As producers of data or various derived value-added content, organizations have the opportunity to monetize such data assets either directly (by selling data to third parties) or
indirectly (by incorporating data into other services they provide).
Cons:
Use of external data can create additional challenges in data integration and data integrity management.
Monetizing one's data is a complex task that requires creation of a strategy and specific plans for packing, pricing, and ongoing maintenance and delivery of such data products.
IoT Analytics
Rich Media Analytics
FIGURE 19
Rich Media Analytics Markers of Momentum
Source: IDC, 2016
Rich media analytics solutions identify objects, entities, events, attributes, or patterns of behavior
(including temporal and special events either in real time or post event) through the detection,
determination, and analysis of video and image data. Use cases for these solutions include security,
object identification, video monitoring/tracking, image search, automatic alerting, forensic analysis,
image categorization, pattern, image, and shape recognition.

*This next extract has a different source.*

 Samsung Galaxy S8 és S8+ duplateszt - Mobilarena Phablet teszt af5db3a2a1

The amount of rich media data that needs to be analyzed and understood is increasing exponentially
with growth of the internet and mobile devices that capture images and videos on a more or less
constant basis. However, IDC estimates that much of this data is useless unless some type of
analytics is applied to it.
The market and opportunities for image and video analytics is growing significantly. Many
organizations would like to be able to monetize images for ecommerce. In addition, there is increased
interest in automated solutions for video surveillance — of human and nonhuman activity.

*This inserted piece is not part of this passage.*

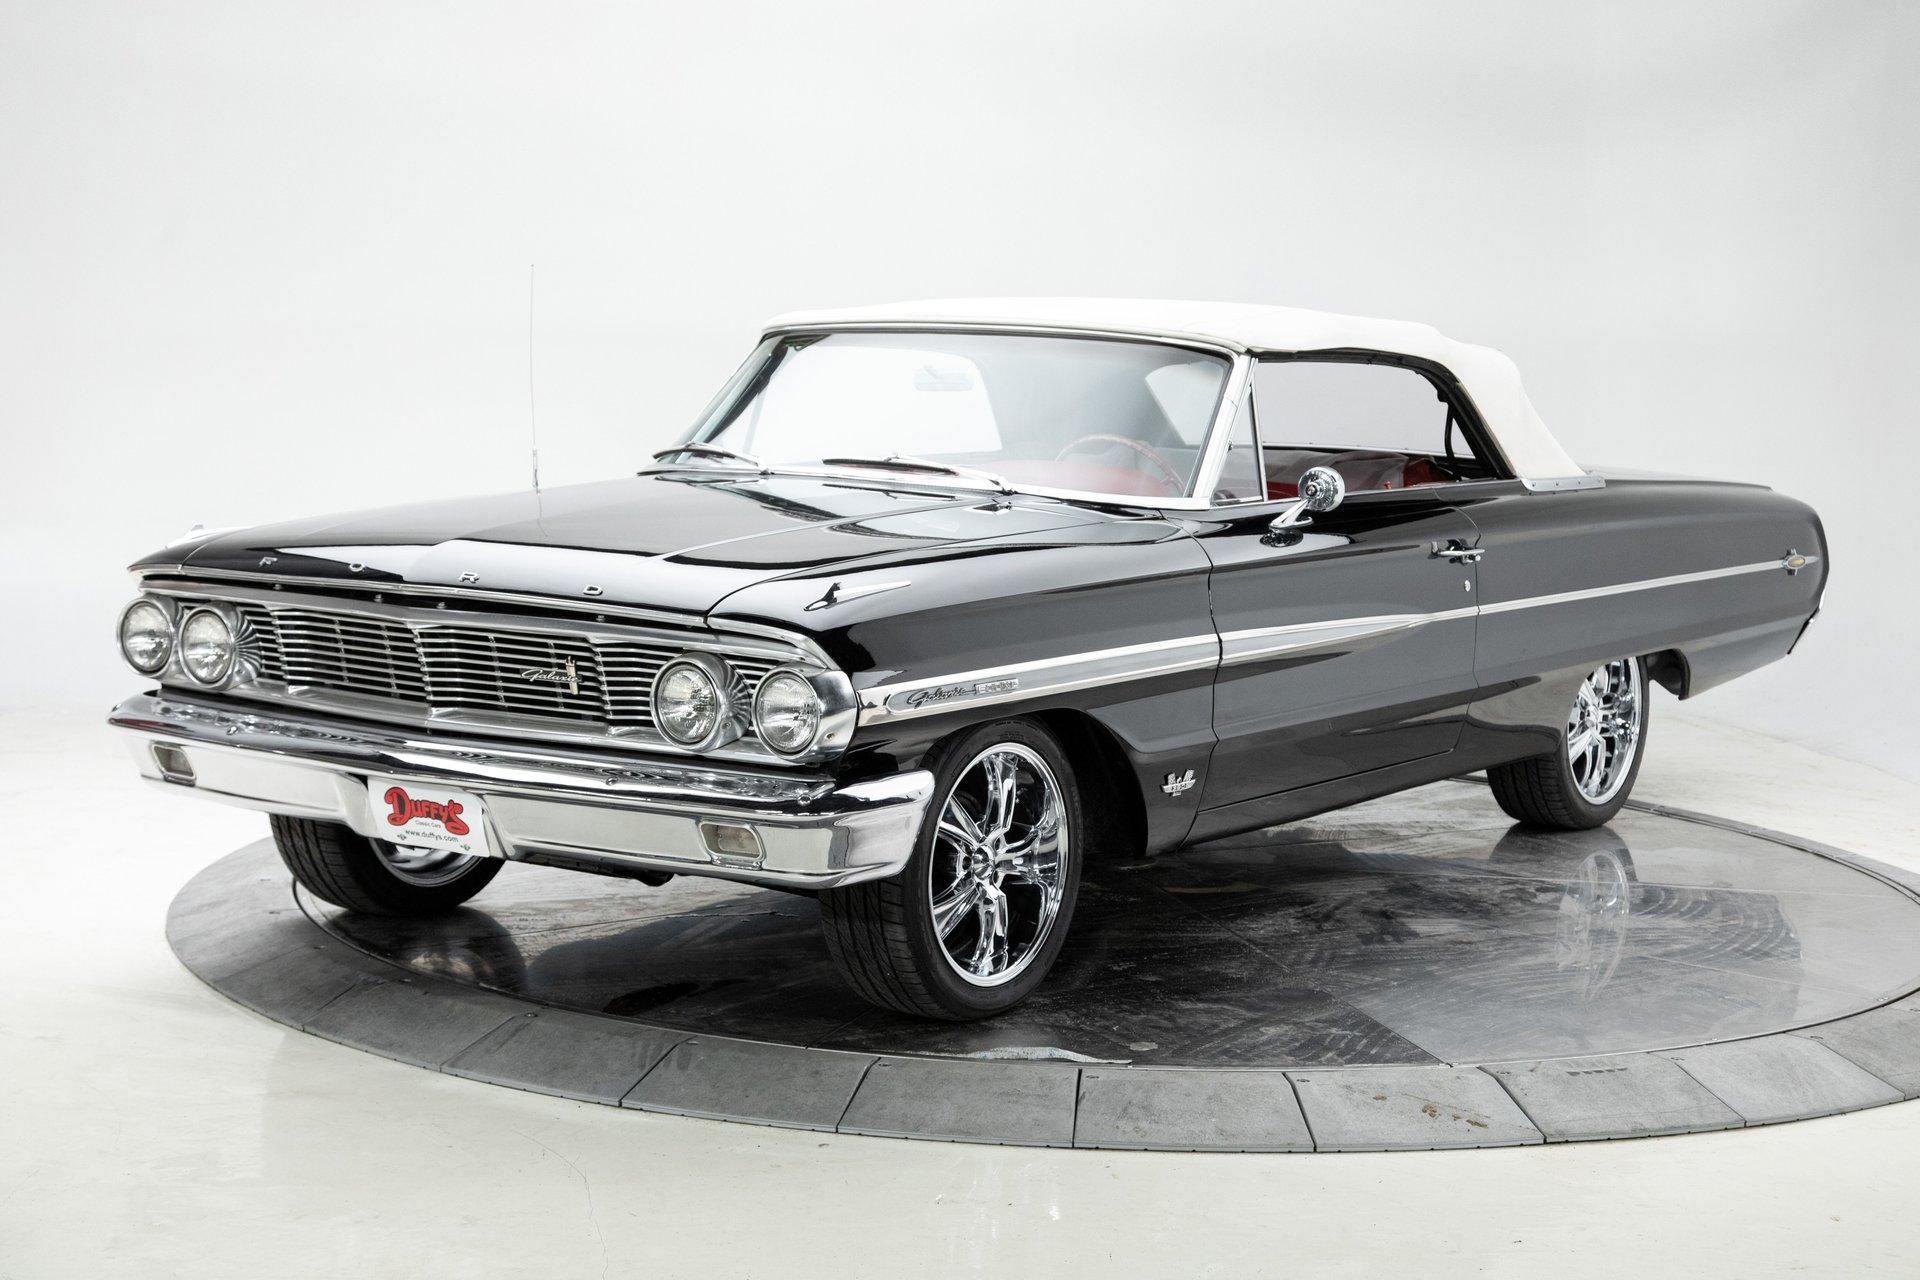 1964 フォード 390 ギャラクシー XL 500

Organizations are also looking at using video and images as part of the data needed to understand
and improve customer experiences, along with social media data, geolocation information, and
transactional sales data. Video data and video surveillance are being used in a variety of ways by
many different organizations. Governments and enterprises are primary users of image and video
analytics today.
Companies offering image and video analytics include Hitachi, Fujitsu, NEC, Sony, JustVisual, HPE,
IBM, Clarifai, Cortexica, Ramp, Aventure, IntelliVision, 3VR, Accenture, and ObjectVideo.
Pros:
The exponentially increasing amount of image and video content offers an opportunity to apply rich media analytics technology to extract valuable information and knowledge.

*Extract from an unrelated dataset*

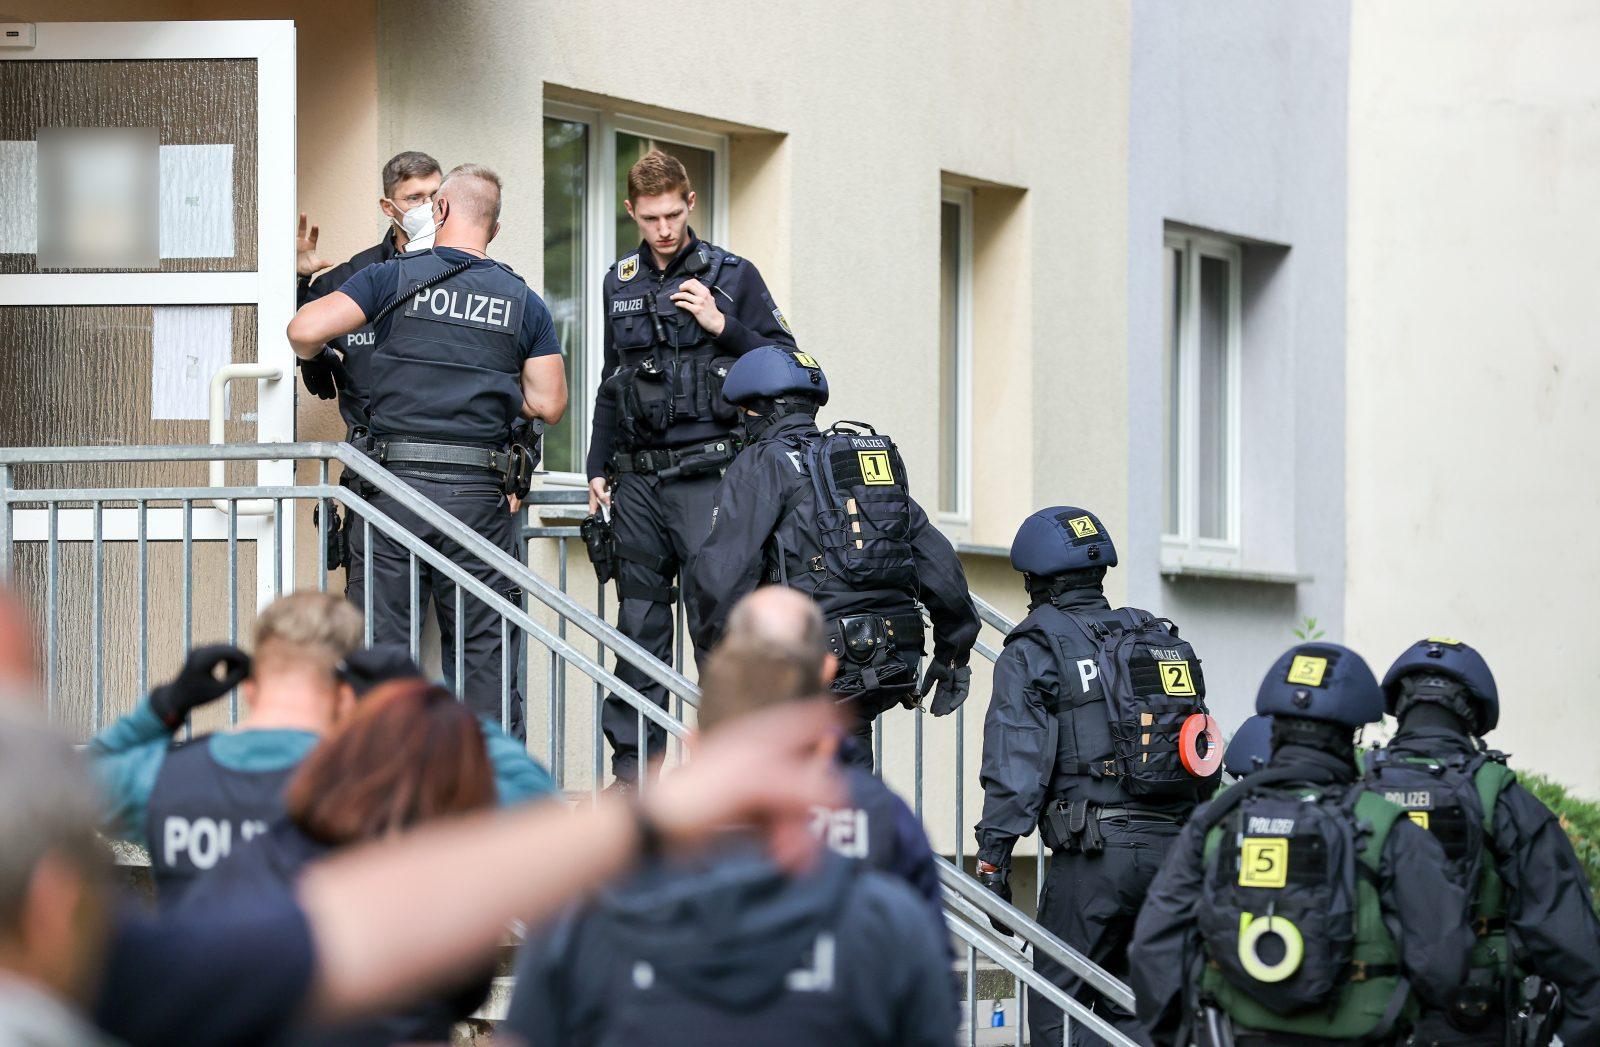 Polizisten durchsuchen während der Razzia ein Wohnhaus in Sachsen-Anhalt Foto: picture alliance/Jan Woitas/dpa-Zentralbild/dpa

Image and video analytics can add another dimension to text-based knowledge in diverse areas from healthcare to terrorism investigation to Internet of Things.
Image and video analytics can provide real-time feedback and information for cognitive decision making in areas such as robotics, drones, and driverless vehicles.
Cons:
This area is still emerging, and identifying objects, patterns, and visual cues correctly can be prone to errors depending on the algorithms and tools used.
Many of these tools use extensive amounts of machine learning, which is highly processing intensive.
Relating entities and objects from video to textual records and information can be challenging.
Statistical analytics software includes packages that use a range of statistical techniques to create,
test, and execute models on analyzing IoT data. This genre falls into the advanced and predictive
analytics software segment of business intelligence and analytics tools. Sample techniques used
include descriptive and predictive analysis, regression, and clustering.
Statistical analytics is used to discover relationships in data and make predictions that are hidden, not
apparent, or too complex to be extracted, or when there is not enough data for other types of modeling.
An example of use case in IoT would be in predictive maintenance, where analysis of sensor data
would provide predictions on components that will be in imminent need of maintenance.
Most statistical analytics packages use programming languages that might be proprietary or open
source or a combination. Most packages also include a graphical user interface that allows analysts to
interact with the software and build models with no or minimal programming.
Examples of products include SAS Analytics and SAS Enterprise Miner, IBM SPSS, SAP Predictive
Analytics and SAP Infinite Insight, and Oracle Data Mining. SPSS is a component of IBM Watson IoT
Platform. In addition, open source modeling languages like R are commonly used by advanced data
analysts.
Pros:
This technology can be used where large gaps exist in data models or where data models
are incomplete.
Data can be easily imported from excel files or other formats.
A variety of statistical techniques for analyzing data can be used. Most packages allow power users to use programming languages for complex analyses that cannot be done
with graphical user interfaces.
Cons:
These tools can be fairly complex to use. Users need to be sophisticated in concepts of statistics and data mining and programming in order to be able to take full advantage of
the capabilities of these tools.
Statistical packages typically cannot account for all factors that might affect an outcome,
especially those that cannot be expressed as structured data.
These tools are not suitable for data manipulation or data preparation. They assume that
the data is cleansed, validated, and prepared, and hence bad data will result in poor predictions.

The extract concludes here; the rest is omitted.